4. COMPOSITION OF THE ARBITRAL TRIBUNAL

4.1 Constitution of the arbitral tribunal

4.1.1 Pursuant to Articles 1426 and 1427 of the Code of Commerce, the parties are free to appoint the arbitrators in their arbitration agreement or provide for a mechanism for the appointment of the tribunal, either directly or by reference to arbitral or procedural rules. If the parties fail to agree on the number of arbitrators, the Code of Commerce provides that a single arbitrator will be appointed. 6 Code of Commerce, art 1426.

4.1.2 Where the arbitration agreement requires three arbitrators to be appointed but does not specify the appointment procedure, each party will appoint one arbitrator and the two party-appointed arbitrators will appoint the third. If a party fails to appoint an arbitrator within 30 days of receiving notice from the counterparty requiring it to appoint an arbitrator, or if the two party-appointed arbitrators do not agree on the appointment of the third arbitrator within 30 days of their appointment, either party may request a court to appoint the third arbitrator. 

4.1.3 Either party may request the court to adopt measures to appoint an arbitrator if one of the parties does not abide by the appointment procedure agreed by them, or the parties or party-appointed arbitrators cannot agree on the procedure to be followed, or a third party, including an arbitral institution, does not comply with the functions conferred on it by the agreement (unless the arbitration agreement provides that a different procedure shall apply to resolve the issue). The Code of Commerce contains no specific rules on multi-party arbitration. If the parties have not agreed specific rules for appointing the tribunal in a multi-party arbitration, the general provisions of the Code of Commerce will apply. The court or arbitral institution should, so far as possible, ensure equal treatment and reciprocity between all parties.

4.2 Procedure for challenging and substituting arbitrators

4.2.1 Pursuant to Article 1429 of the Code of Commerce, the parties can freely agree on the procedure to substitute, remove or challenge arbitrators. In the absence of agreement, if a party wishes to remove an arbitrator, it shall submit an application to the arbitral tribunal within 15 days of becoming aware of the applicable ground(s) for removal. The grounds for removing an arbitrator include impartiality or lack of independence, or that the arbitrator does not possess the agreed qualifications. The arbitral tribunal will determine the application unless the challenged arbitrator resigns, or the other party concedes the application. 

4.2.2 The tribunal’s decision can be challenged in court within 30 days and the court’s decision cannot be appealed. The arbitral proceedings will continue with the challenged arbitrator remaining in place pending the court’s decision on the matter. 

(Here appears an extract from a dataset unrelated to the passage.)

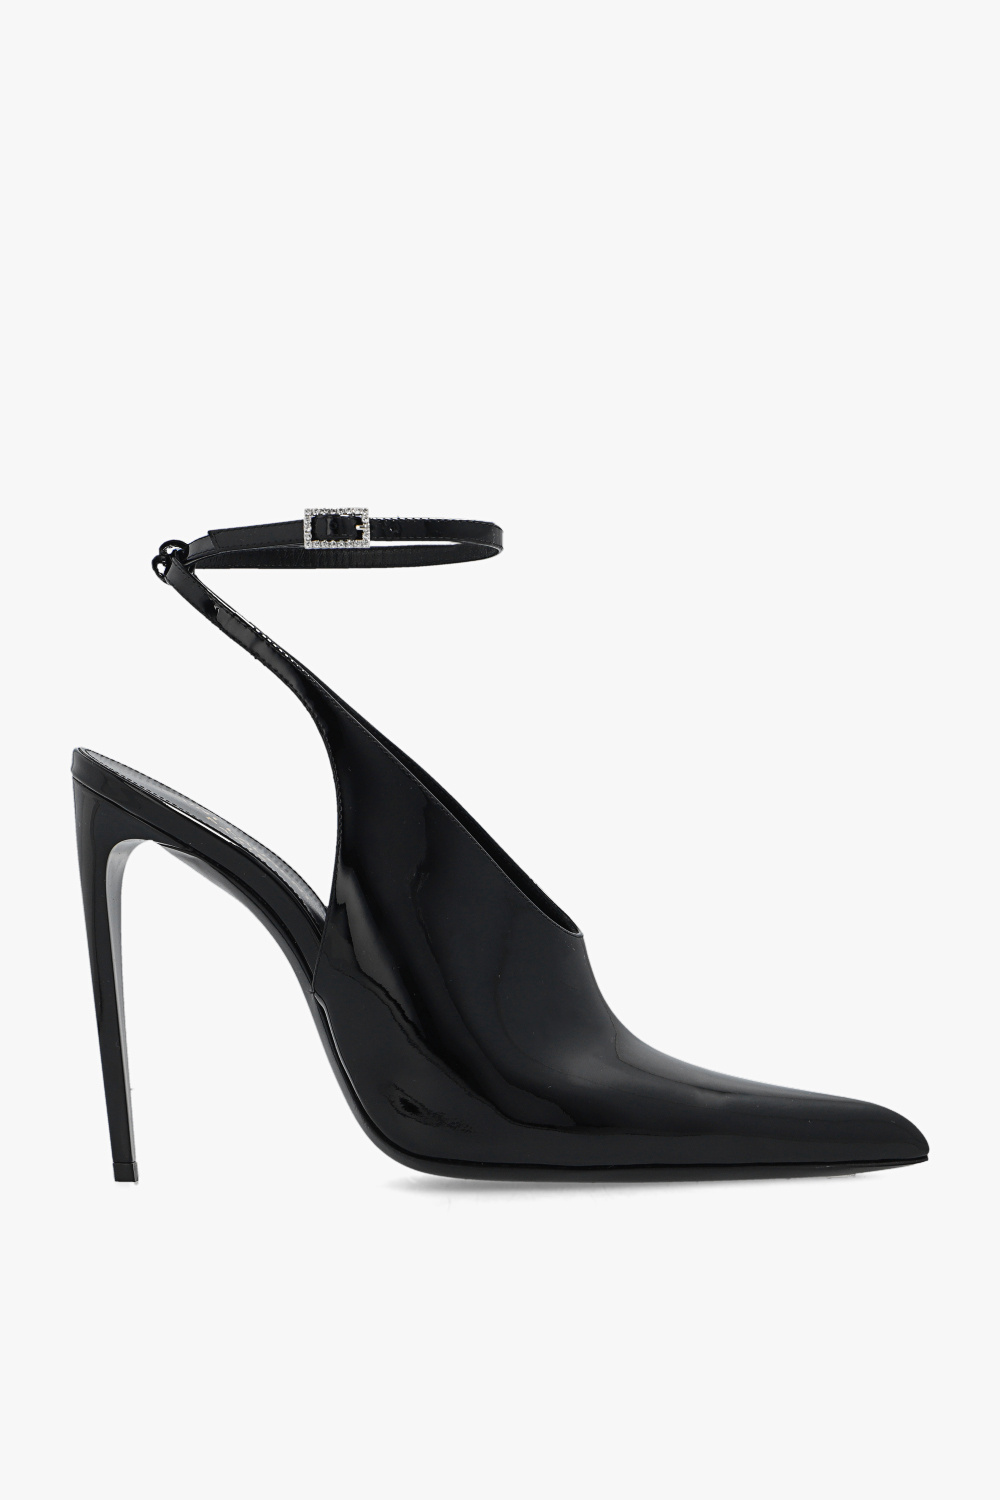 Saint Laurent ‘Pulp’ pumps in patent leather | Women's Shoes | Vitkac

4.2.3 When an arbitrator is impeded in fact or by legal mandate from executing their functions, or, due to other reasons, does not perform their functions within a reasonable timeframe, the arbitrator’s appointment will cease by renunciation or party agreement. In the event of disagreement, either party may request a court to order the removal of the arbitrator and the court’s decision cannot be appealed. 

4.2.4 In the event that an arbitrator ceases their functions due to any legal or factual impediment, the parties will proceed to appoint a substitute arbitrator in accordance with the procedure through which the substituted arbitrator was appointed. 

4.3 Arbitration fees

4.3.1 Articles 1452 to 1456 of the Code of Commerce contain subsidiary and supplementary provisions regarding Arbitration fees, which will apply only if such provisions are expressly chosen by the parties or if they have failed to agree upon any other rules for the allocation and payment of fees and other expenses. 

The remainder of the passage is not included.